BERNHARD GESSLER STETHOSKOP : Wer heilt, hat recht
Im Anfang war das Wort: „ganzheitliche Therapie“. Schon als Medizinstudent habe ich diesen Begriff als Provokation empfunden. Was fällt den Alternativmedizinern eigentlich ein, so dachte ich oft. Provokativ ist, was den schulmedizinisch orientierten Ärzten damit unterstellt wird.
Lassen Sie es mich ganz klar ausdrücken. Der Vorwurf, den der Begriff impliziert, lautet doch: Schulmediziner sind zu blöde oder zu borniert, um die Ganzheit ihrer Patienten zu sehen! Sie sind so sehr auf ihr Fachgebiet beschränkt, dass es ihnen nicht gelingen kann, ihre Patienten als ganze Menschen mit Körper, Geist und Seele in ihrem sozialen Kontext zu erkennen und zu behandeln!
Okay, es gibt jede Menge Fachidioten unter den Ärzten. Diese Feststellung gilt aber für alle Heilberufe und Mediziner, auch für den alternativmedizinischen Zweig.

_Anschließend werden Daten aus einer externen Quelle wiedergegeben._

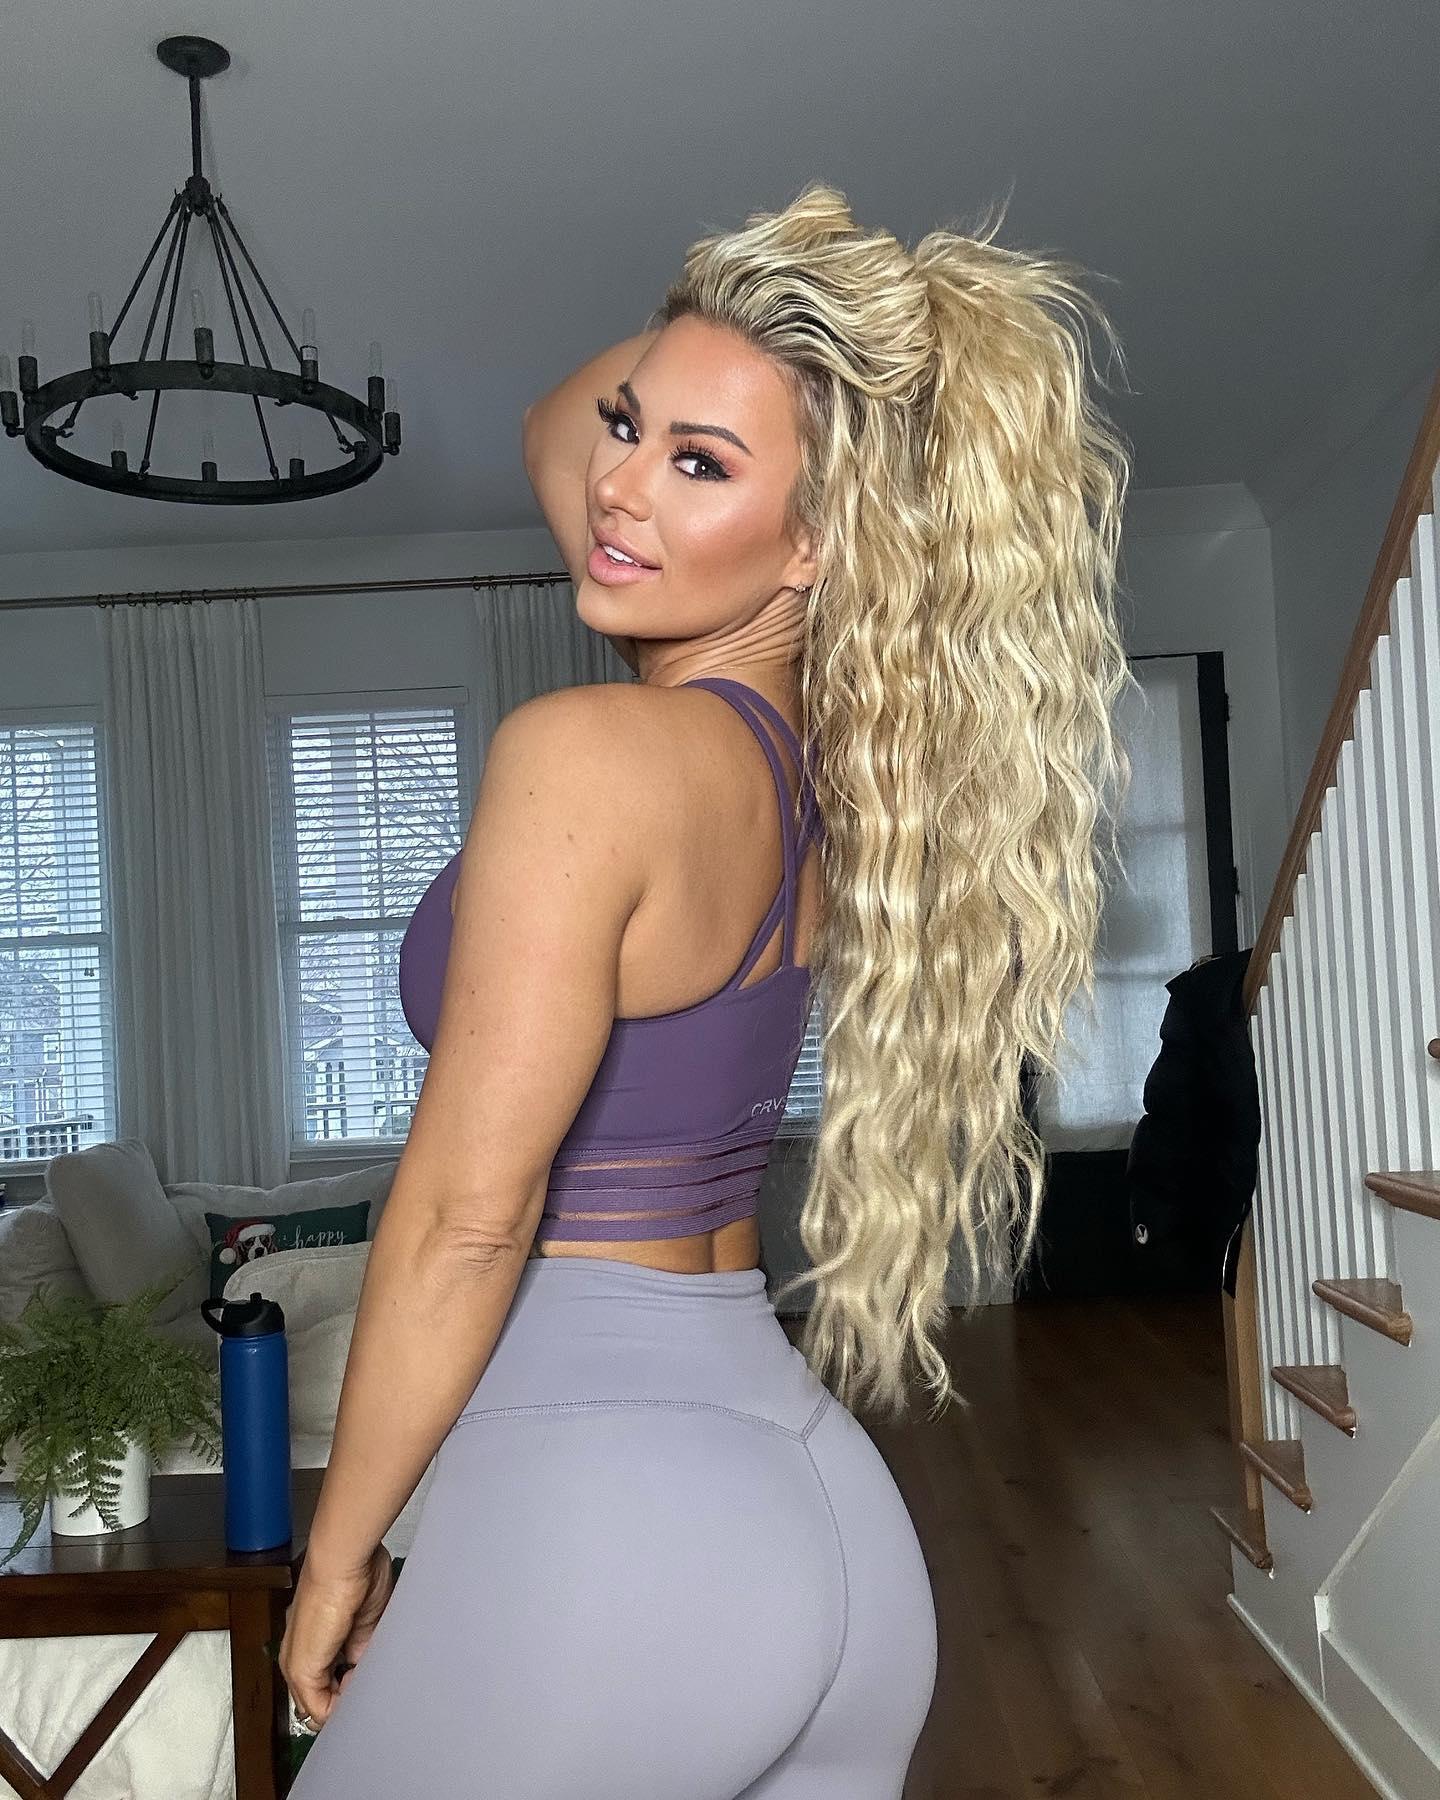 Kindly Myers shows off her new hair and a new outfit: a purple sports bra and gray CNC leggings

Anmaßend ist es, diese Ignoranz nur einem System im Spektrum des Gesundheitswesens zu unterstellen: der naturwissenschaftlichen Schulmedizin.
„Ganzheitlich“ ist im Wettbewerb der Werbe- und Kampfbegriffe des Gesundheitsmarktes übrigens nur die Nummer zwei. „Entschlackung“ bringt bei einer Google-Recherche 280.000 Treffer – und war auch schon immer mein Lieblingsbegriff. Die Vorstellung, dass sich in unserem Körper „Schlacken“ bilden, die ab- und ausgeschieden werden müssen, ist so herrlich retro, industriell und mechanistisch. Der eigene Körper als Fabrik, als Hochofen – welch schillerndes Bild, das eigentlich so gar nicht in den Kontext vieler naturromantischer Alternativmedizinen passt.
Modernere Therapieangebote formulieren da geschickter: Entgiftung, Ab- und Ausleitung, Symbioselenkung, dazu die Adjektive integrativ, holistisch, energetisch. Das klingt jetzt alles furchtbar aggressiv, einseitig und ausgrenzend. Doch seit meinen Studientagen habe ich auch diesen Leitspruch: Wer heilt, hat recht. Das heißt: Auch wenn ich viele alternative Heilmethoden für theoretisch abwegig, gar für absurd und bizarr halte – unzähligen Menschen haben sie geholfen. Das zählt.
Ein weiteres Argument für die Existenzberechtigung alternativer Heilmethoden: Sie fordern in einer Art Systemkonkurrenz die Schulmedizin heraus, decken ihre Defizite auf und bedienen das große Bedürfnis nach Wärme, Individualität, Sinn und Mystik während des Heilungsprozesses. Ich habe lange genug in großen Krankenhäusern und auf Intensivstationen gearbeitet, um die kalte Rationalität und Hybris der Hochleistungsmedizin kennenzulernen. Doch auch in diesem System arbeiten ganzheitlich denkende und fühlende Menschen für ihre kranken Mitmenschen. Das ist Realität, Anspruch und Hoffnung.